• Given information:
▬▬▬

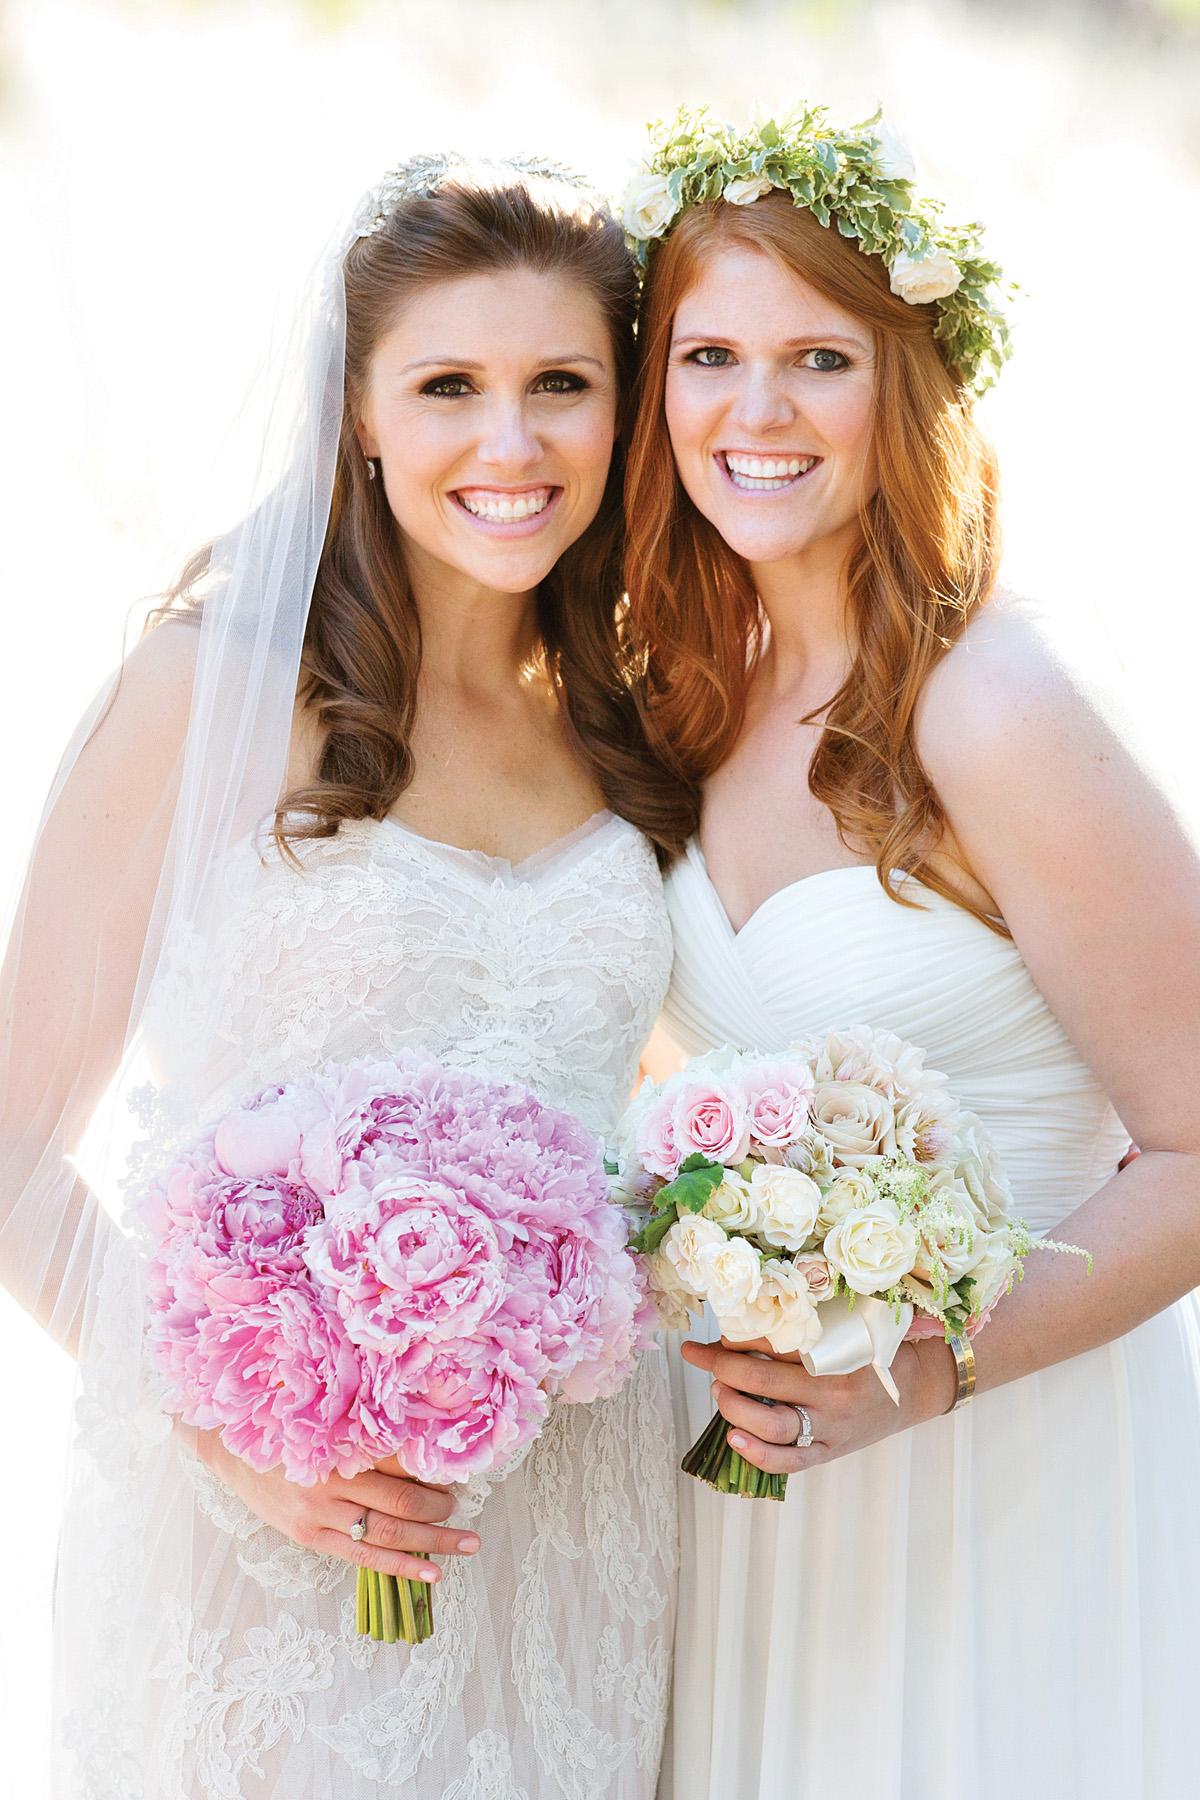 Bride in flower crown with pink wedding bouquet sister bridesmaid in flower crown
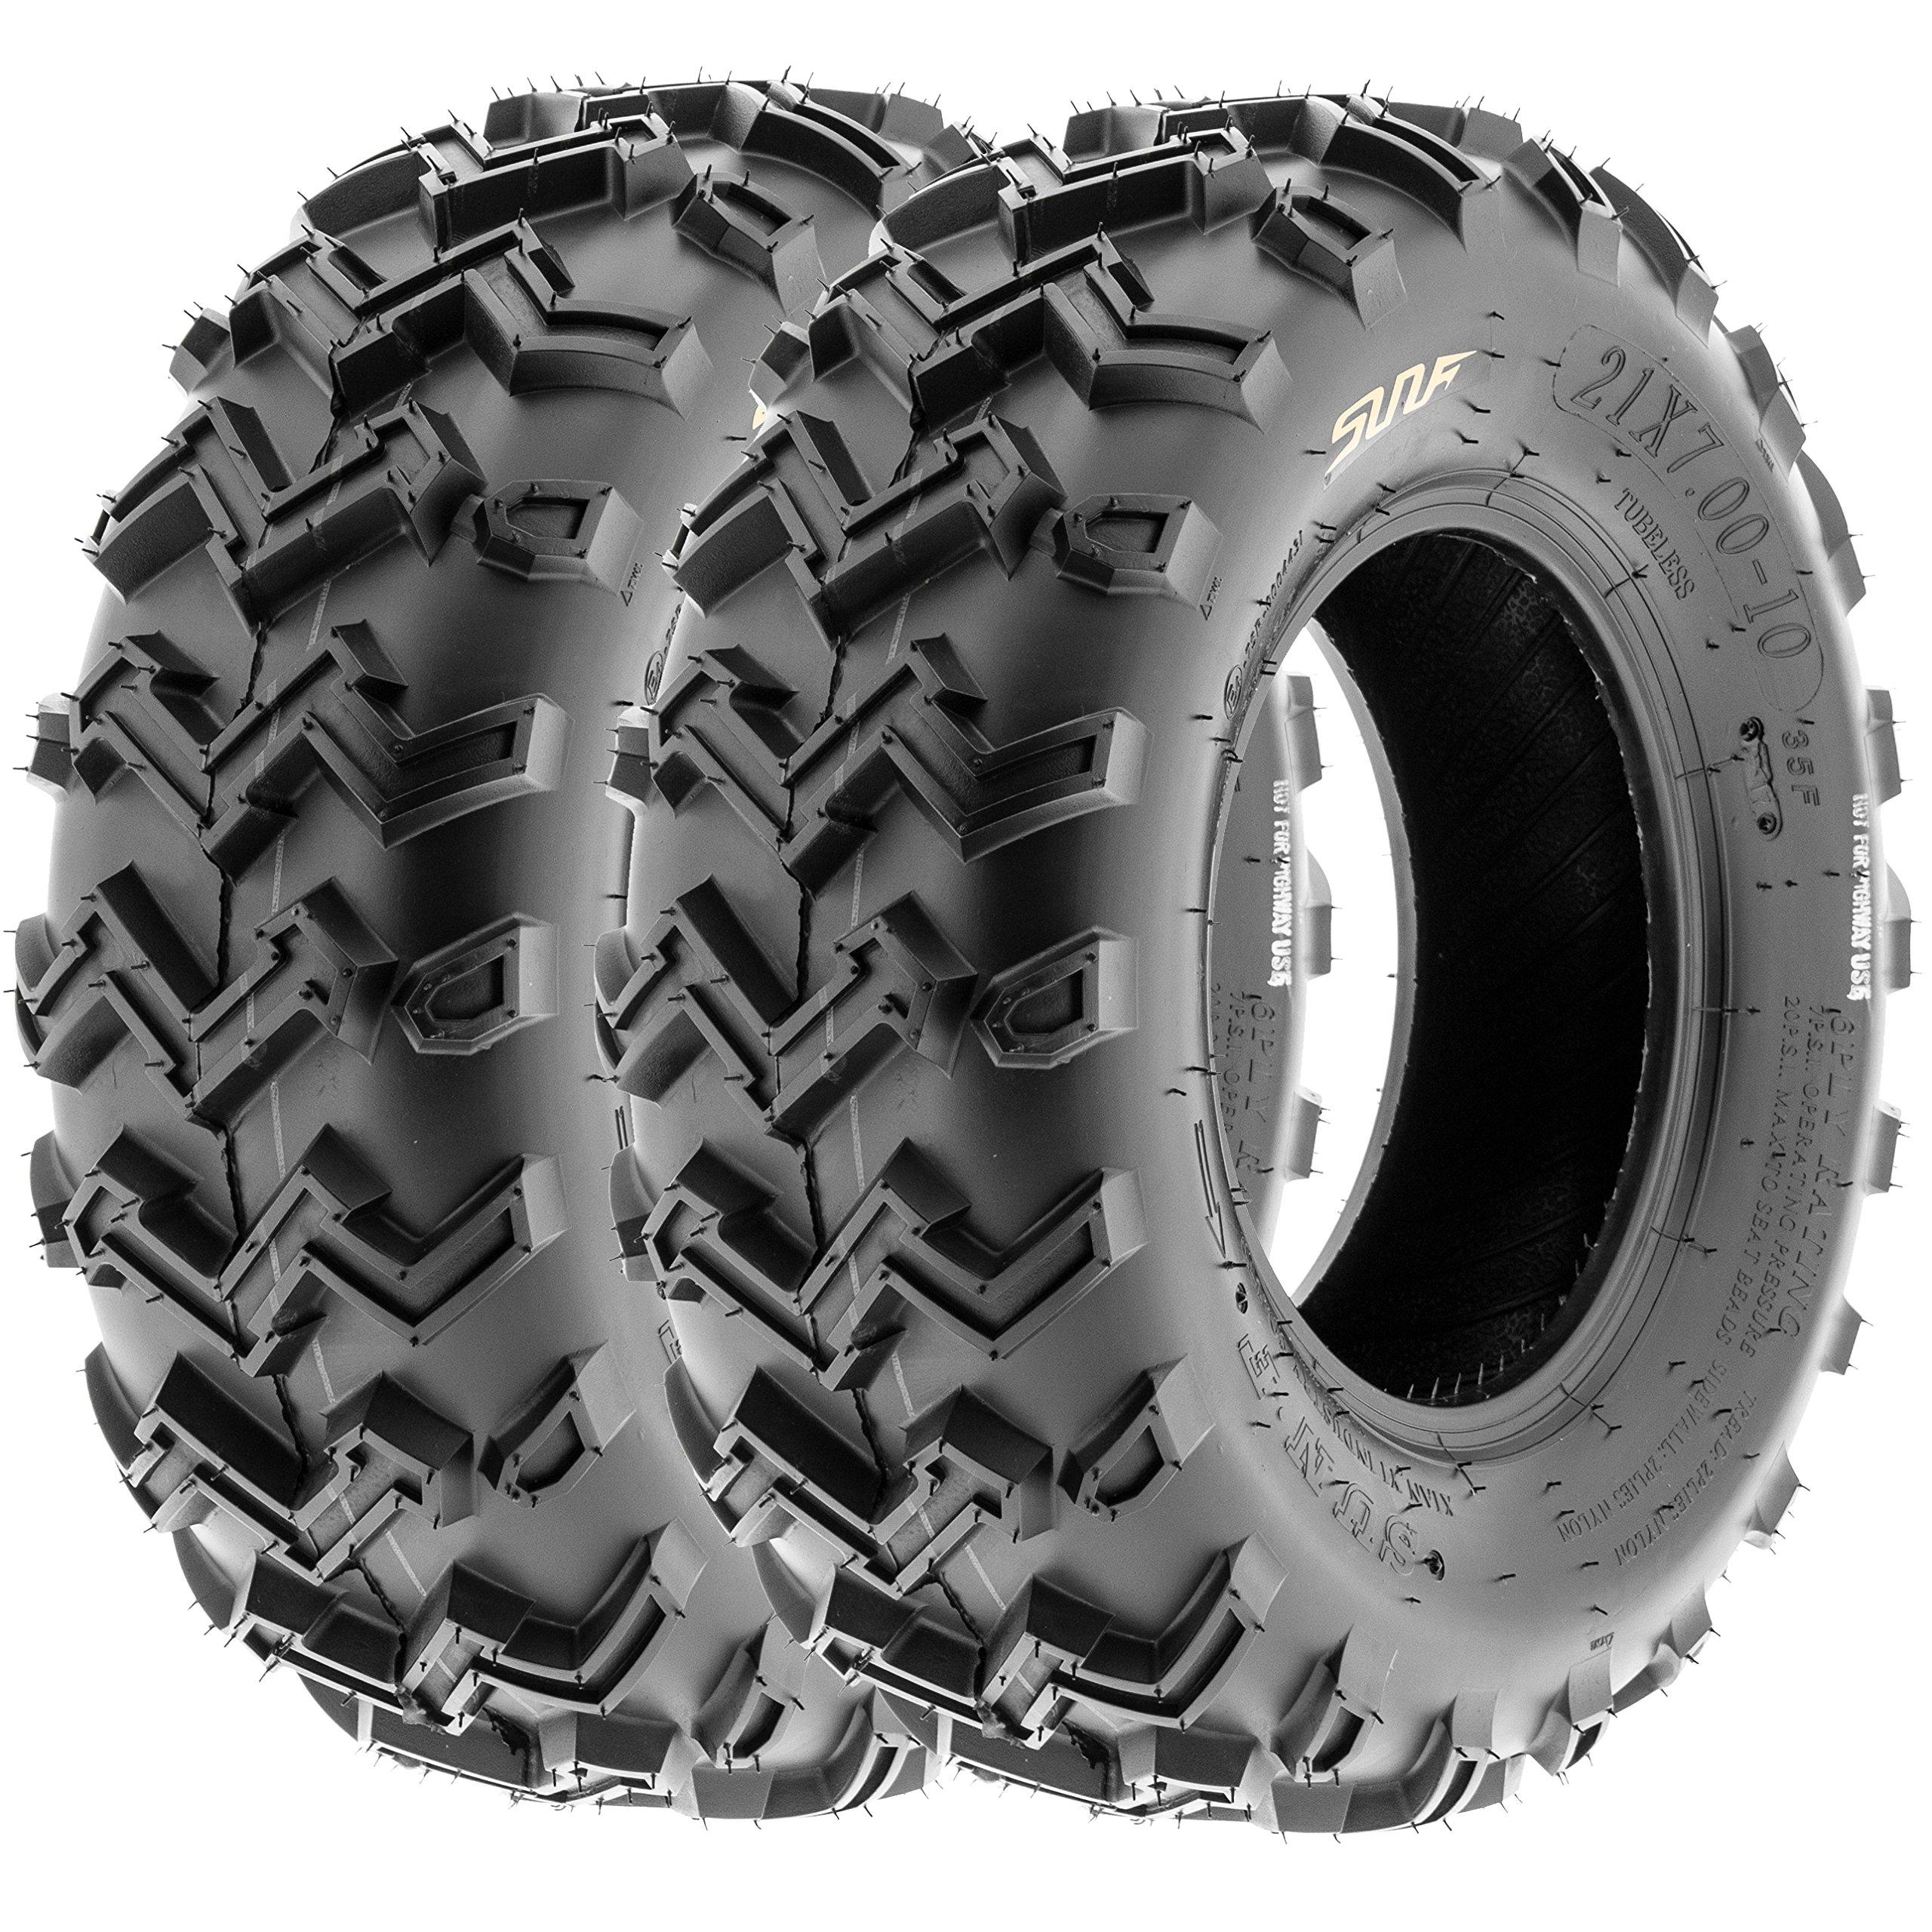 SunF ATV UTV Front Tires 24x8-12 24x8x12 4 PLY A001 (Set Pair of 2)
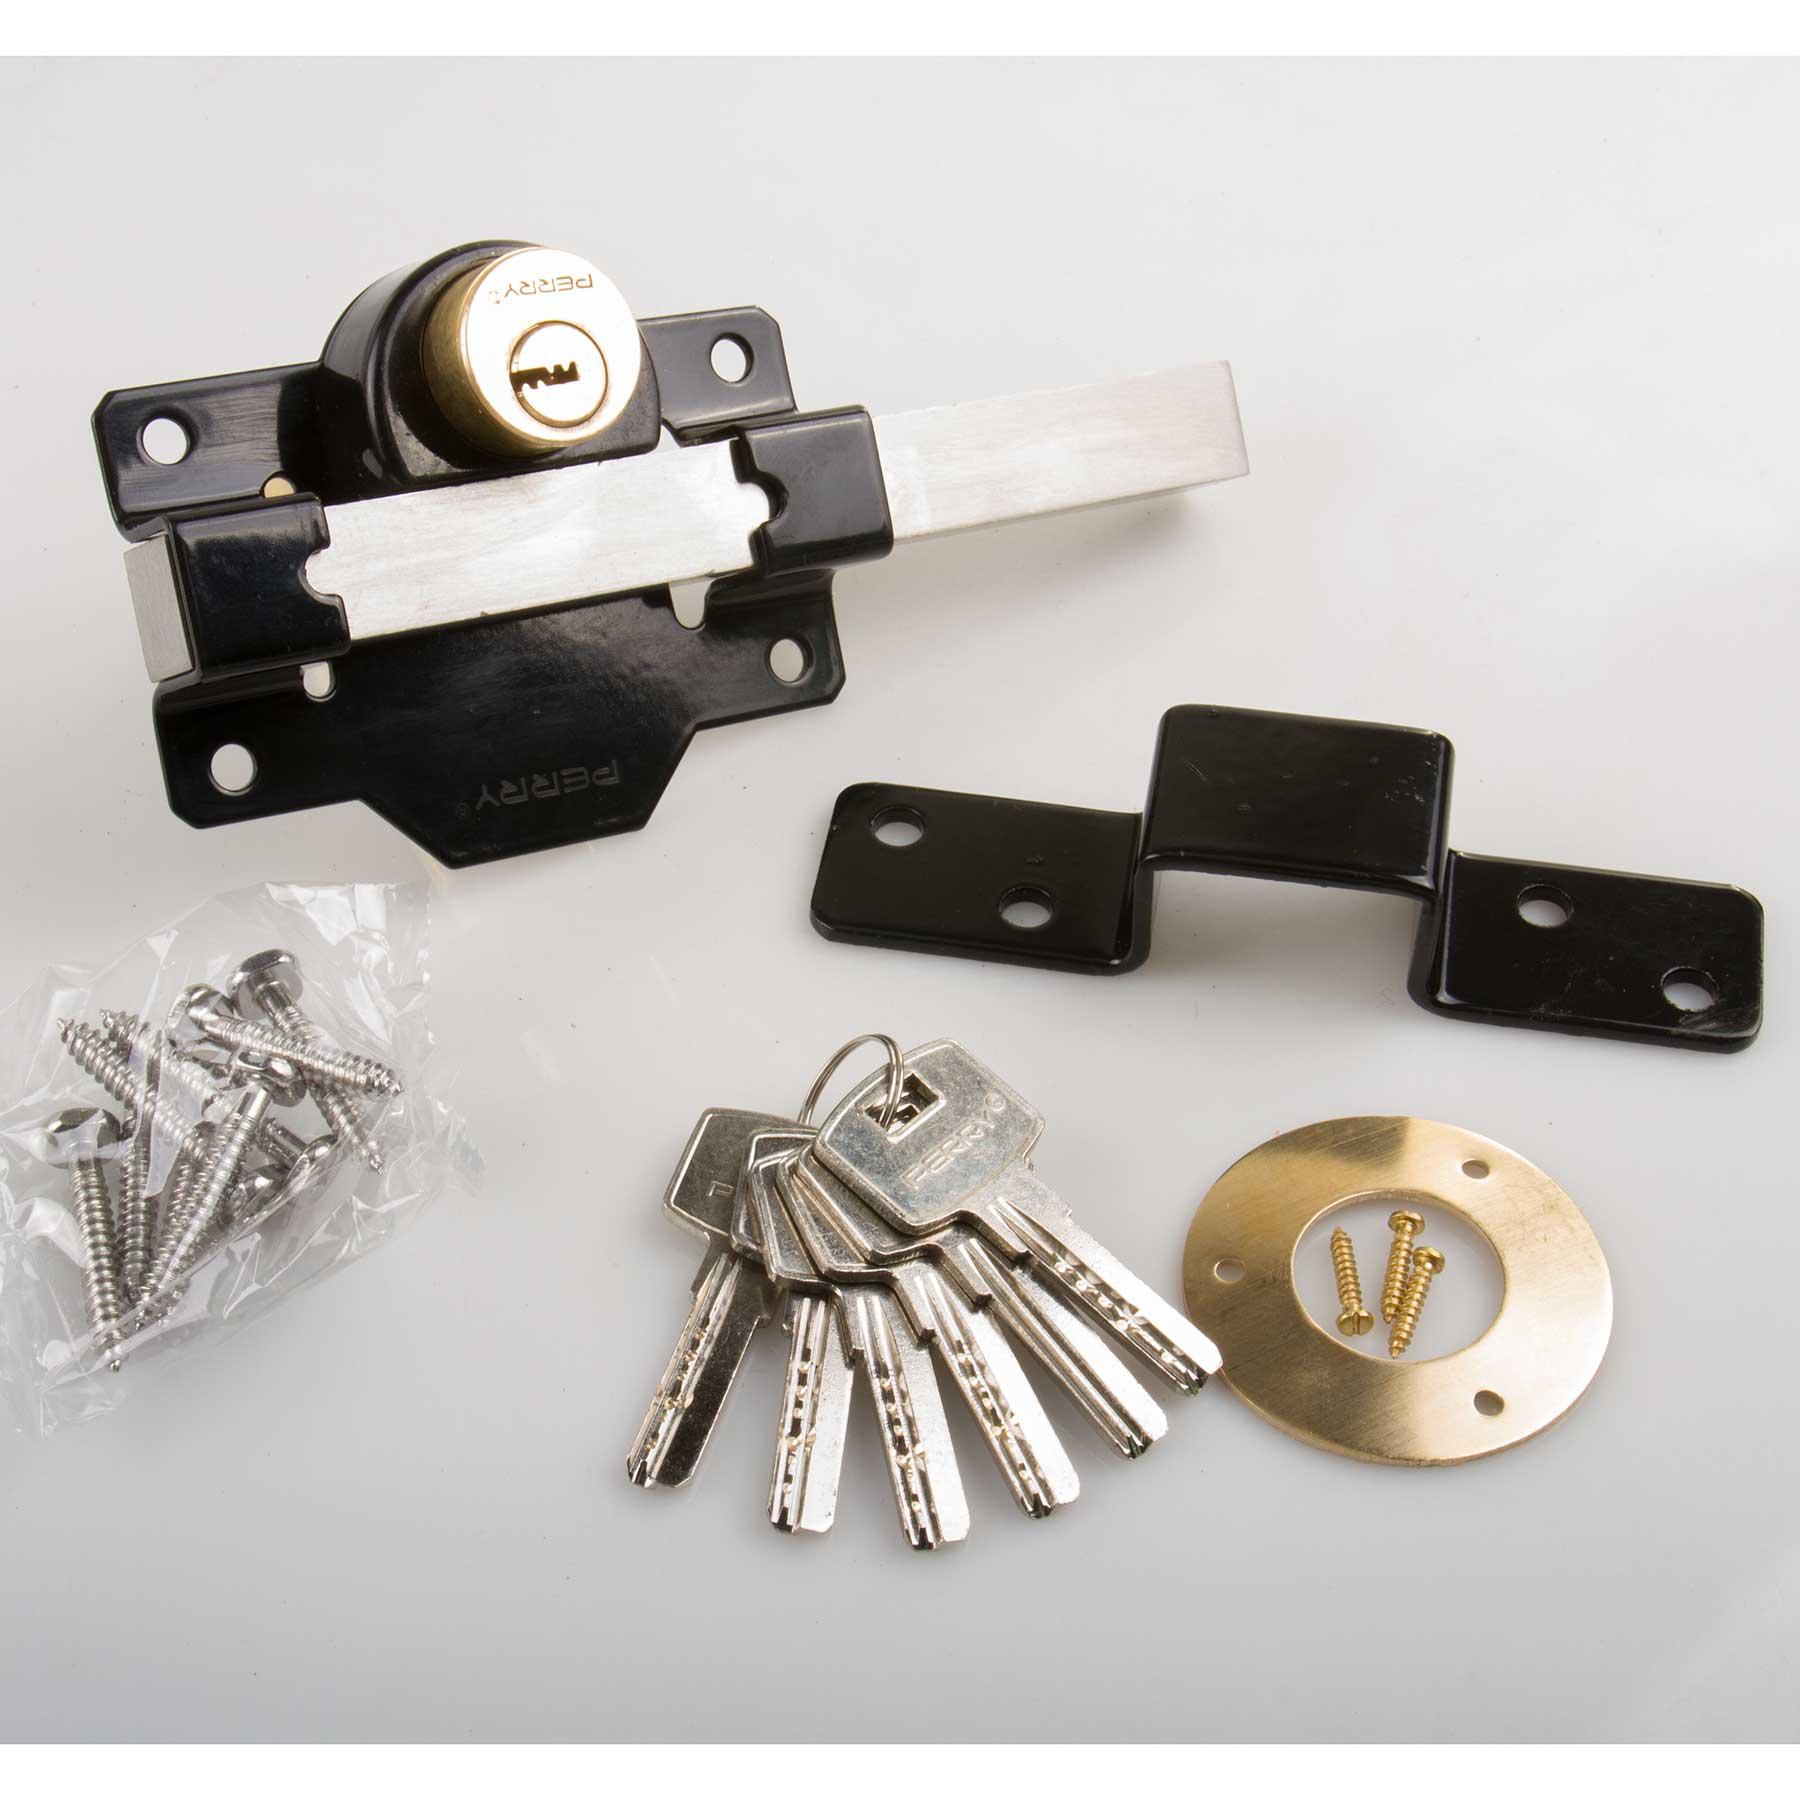 A Perry High Security Long Throw Garden Gate Door Lock 5

▬▬▬

• Task: Once the pictures are removed, repeat all of the data above exactly.

• Exercise response:
 Bride in flower crown with pink wedding bouquet sister bridesmaid in flower crown
 SunF ATV UTV Front Tires 24x8-12 24x8x12 4 PLY A001 (Set Pair of 2)
 A Perry High Security Long Throw Garden Gate Door Lock 5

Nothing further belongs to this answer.